10. N’ignorez pas la gestion des maladies graves non liées au COVID-19 pendant la pandémie
Plusieurs études ont montré que les soins pour des maladies telles que le cancer, la tuberculose et les maladies cardiaques et rénales, ainsi que pour des pathologies telles que la santé mentale, l’accouchement, les soins périnatals et la vaccination des enfants, ont souffert pendant la pandémie. Cela a de sérieuses implications sur vos résultats. Les services de santé essentiels doivent continuer d’être fournis pendant toute pandémie. Par exemple, on estime que la suspension des services de cancérologie entraînera plus de décès que ceux dus au COVID-19 pendant la pandémie.
Les recommandations de Choisir avec soin pour la prévention, les soins et le contrôle du COVID-19 incluent les meilleures données probantes actuellement disponibles et abordent les pratiques courantes, inefficaces, de faible valeur ou nuisibles dans la réponse au COVID-19 dans plusieurs pays. Toutes les recommandations sont basées sur des preuves solides et peuvent améliorer les résultats du contrôle mondial de la pandémie. Ces mesures sont particulièrement pertinentes dans les pays à revenu faible ou intermédiaire, où les ressources sont rares, où les dépenses publiques de santé sont faibles et où une utilisation optimale est cruciale.
Nous soulignons que ces recommandations ne visent pas à remplacer les protocoles de traitement ; ils visent plutôt à promouvoir une prise de décision partagée par les patients et les médecins et à fournir des conseils aux médecins traitants et au grand public.
Notre liste consensuelle de recommandations pour le contrôle de la COVID-19 a plusieurs implications.

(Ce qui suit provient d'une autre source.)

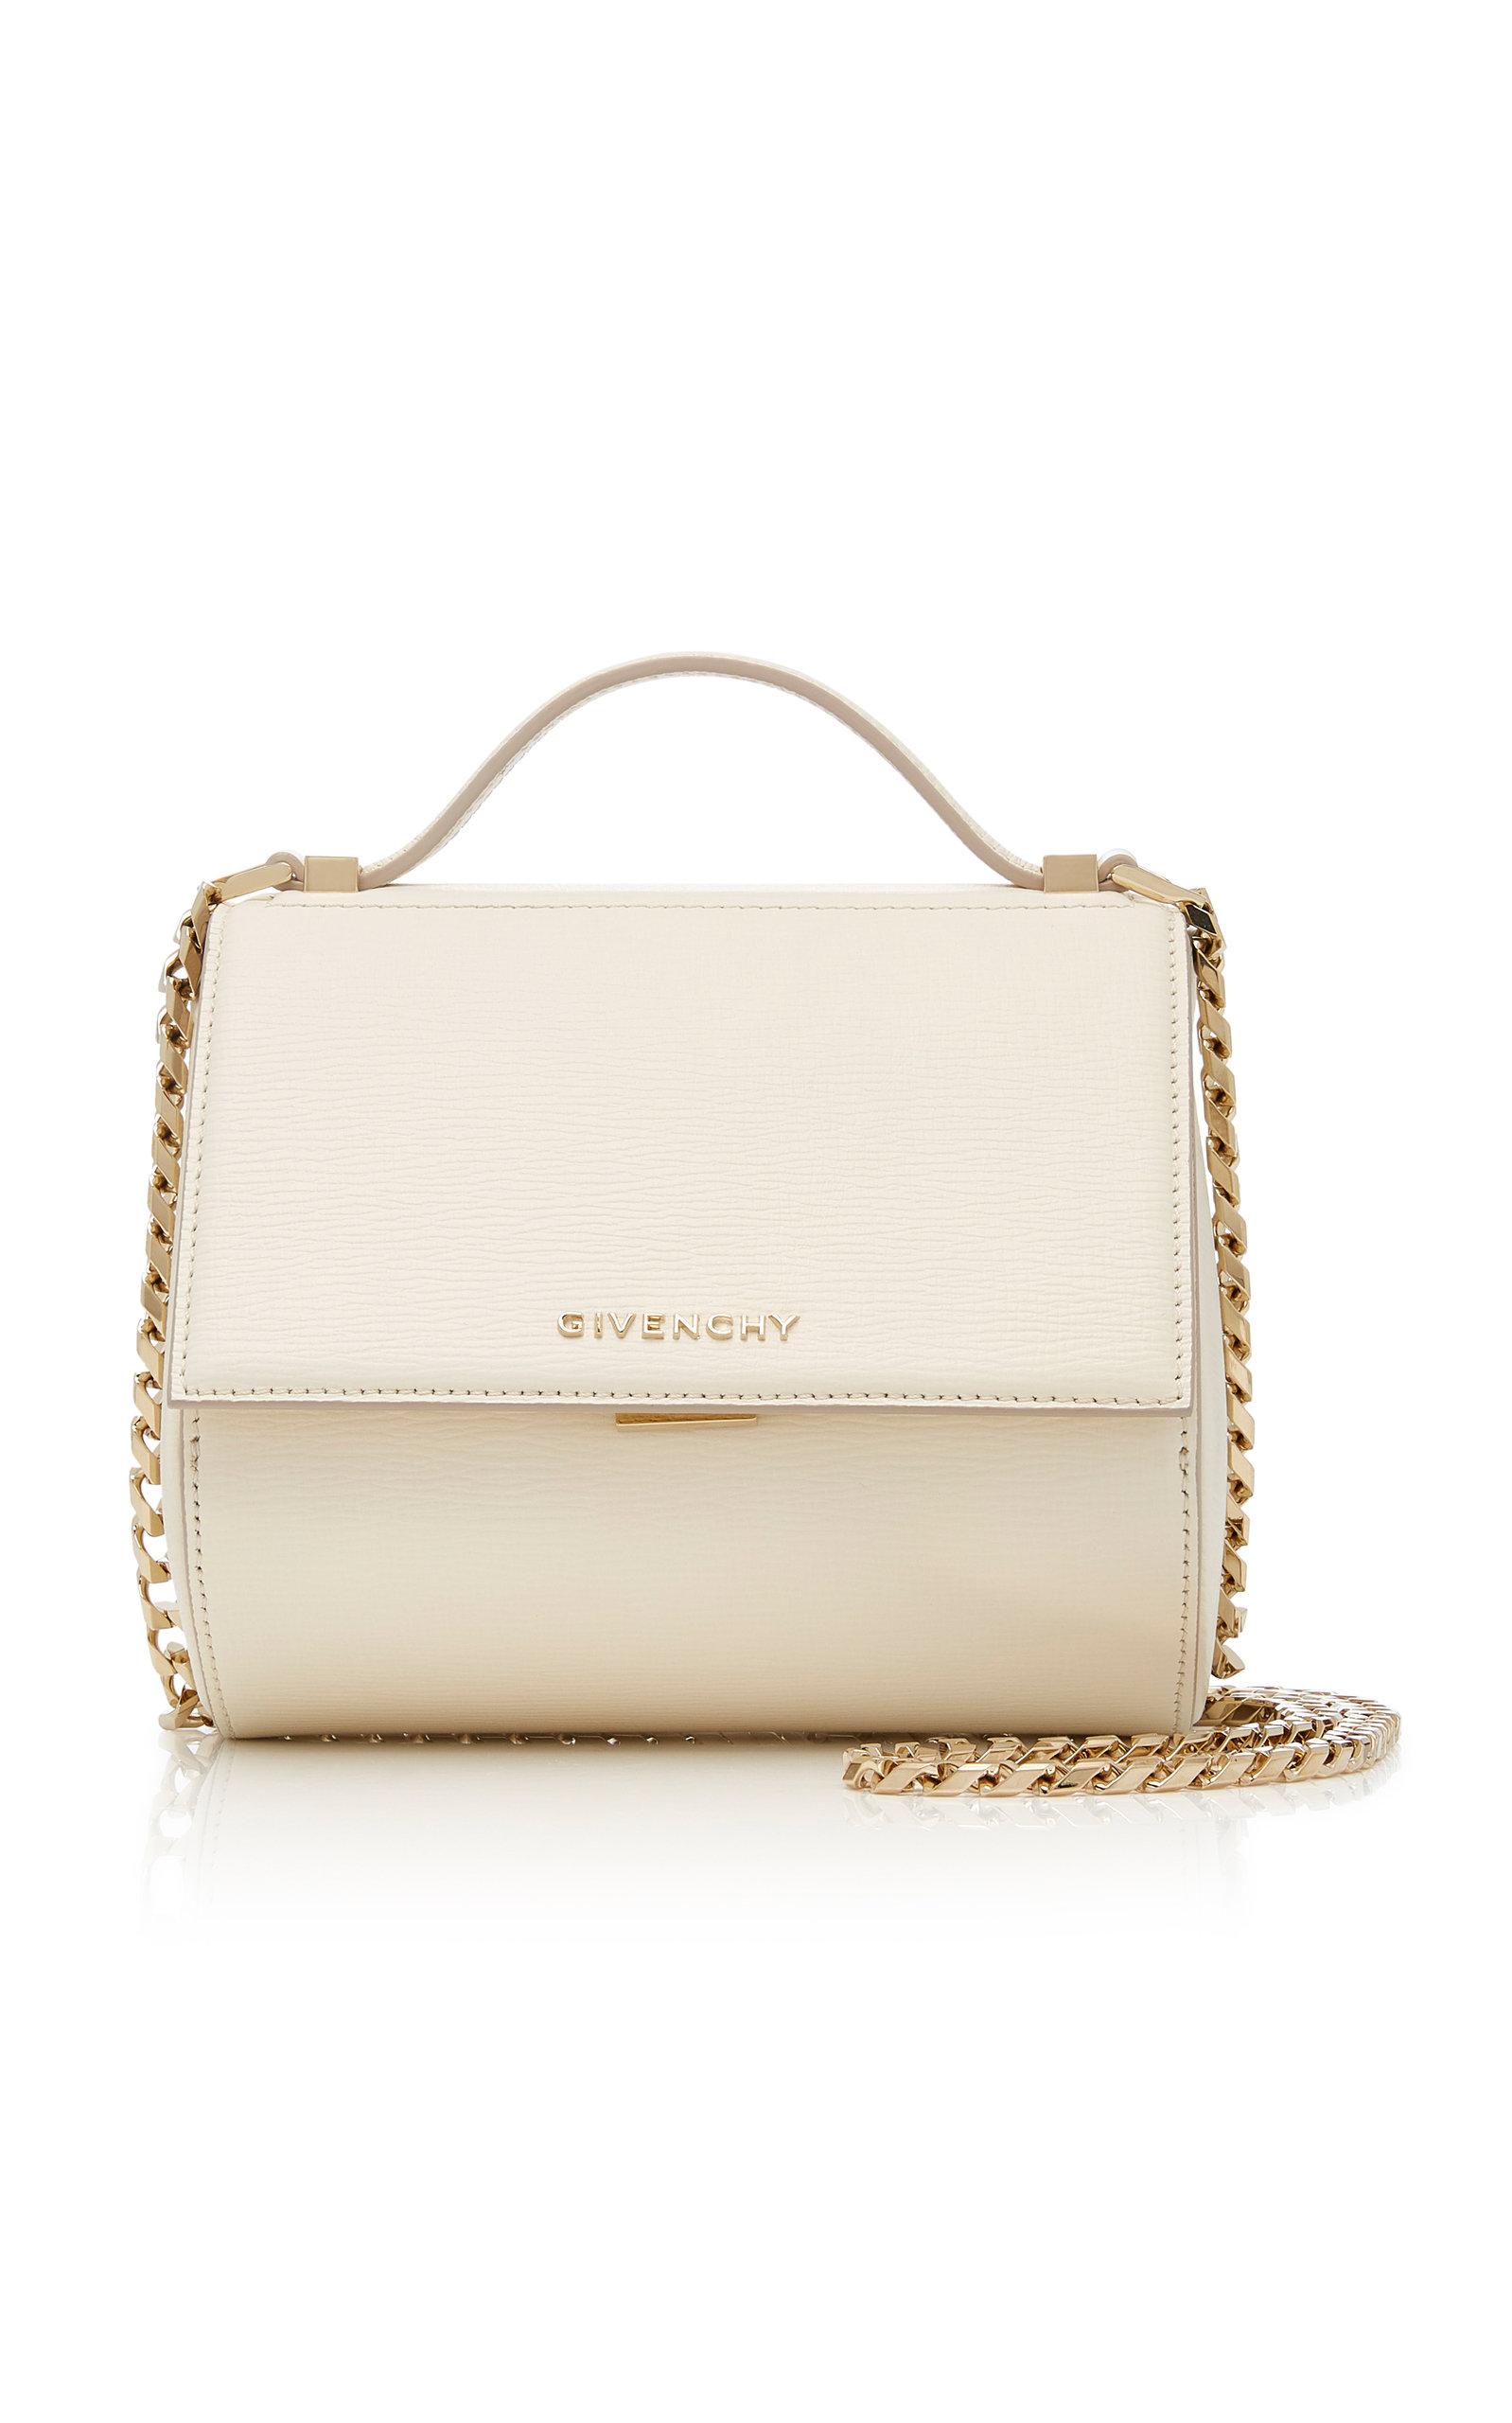 dcc49d2e53a Mini Pandora Box Leather Shoulder Bag by Givenchy   Moda Operandi

Premièrement, il fournit des conseils au grand public sur des mesures simples qui pourraient réduire son risque de contracter le COVID-19 ; Nous soulignons l’importance d’une utilisation appropriée des masques, en évitant les endroits très fréquentés et en encourageant une ventilation adéquate à l’intérieur, sur la base d’une compréhension croissante de la transmission du SRAS-CoV-2.
Deuxièmement, cette liste consensuelle fournit des conseils pratiques aux patients sur ce qu’ils doivent faire lorsqu’ils développent des symptômes ou sont testés positifs pour le COVID-19, notamment reconnaître les symptômes et les signes qui nécessitent des soins médicaux. L’orientation des patients est importante, car les systèmes de santé doivent également adopter un système de triage hospitalier dans lequel les patients atteints d’une maladie légère à modérée ne sont pas admis à l’hôpital, de sorte que de précieux lits d’hôpitaux sont réservés aux patients souffrant de maladies plus graves.

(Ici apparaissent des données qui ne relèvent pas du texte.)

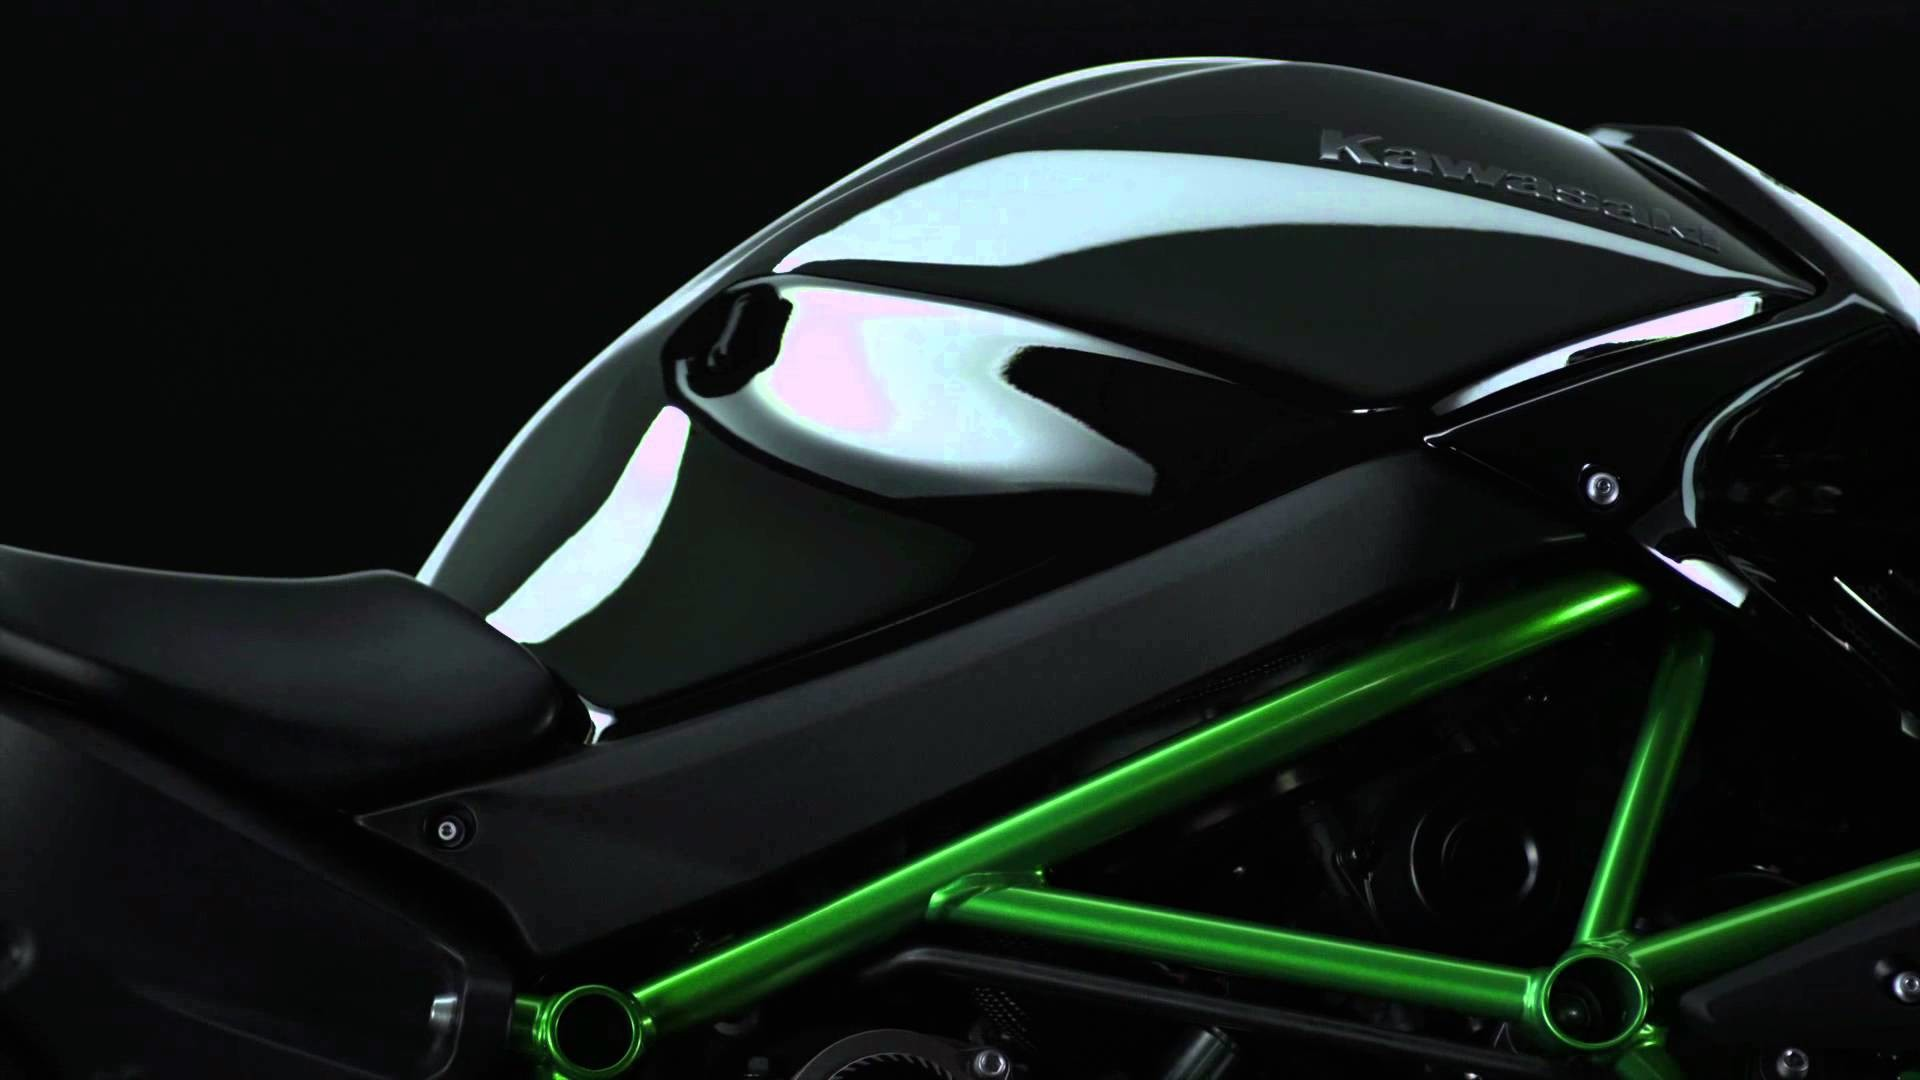 1920x1200 Ninja Kawasaki Bike HD Wallpaper

Troisièmement, la liste consensuelle fournit des recommandations claires au grand public sur la vaccination , car les vaccins constituent la voie la plus importante vers le contrôle de la pandémie.
Quatrièmement, la liste consensuelle encourage les cliniciens à prendre des décisions thérapeutiques fondées sur des données probantes et fondées sur les résultats, qui optimiseront les ressources et éviteront le gaspillage. En diffusant ces recommandations, nous décourageons également les pratiques médicales défensives des médecins qui craignent des litiges ou des critiques s’ils ne traitent pas leurs patients avec des thérapies non éprouvées.
Enfin, nous soulignons l’importance de maintenir les domaines de santé essentiels non liés à la COVID-19, tels que le cancer, la tuberculose, les maladies rénales et cardiaques, la santé mentale et la santé reproductive, même pendant les pandémies majeures, car les conséquences de ne pas le faire sont désastreuses. Lors des vagues ultérieures de la pandémie, les décisions politiques doivent garantir que, même si les soins pour le COVID-19 sont maintenus, la fourniture des autres services de santé essentiels se poursuit sans interruption.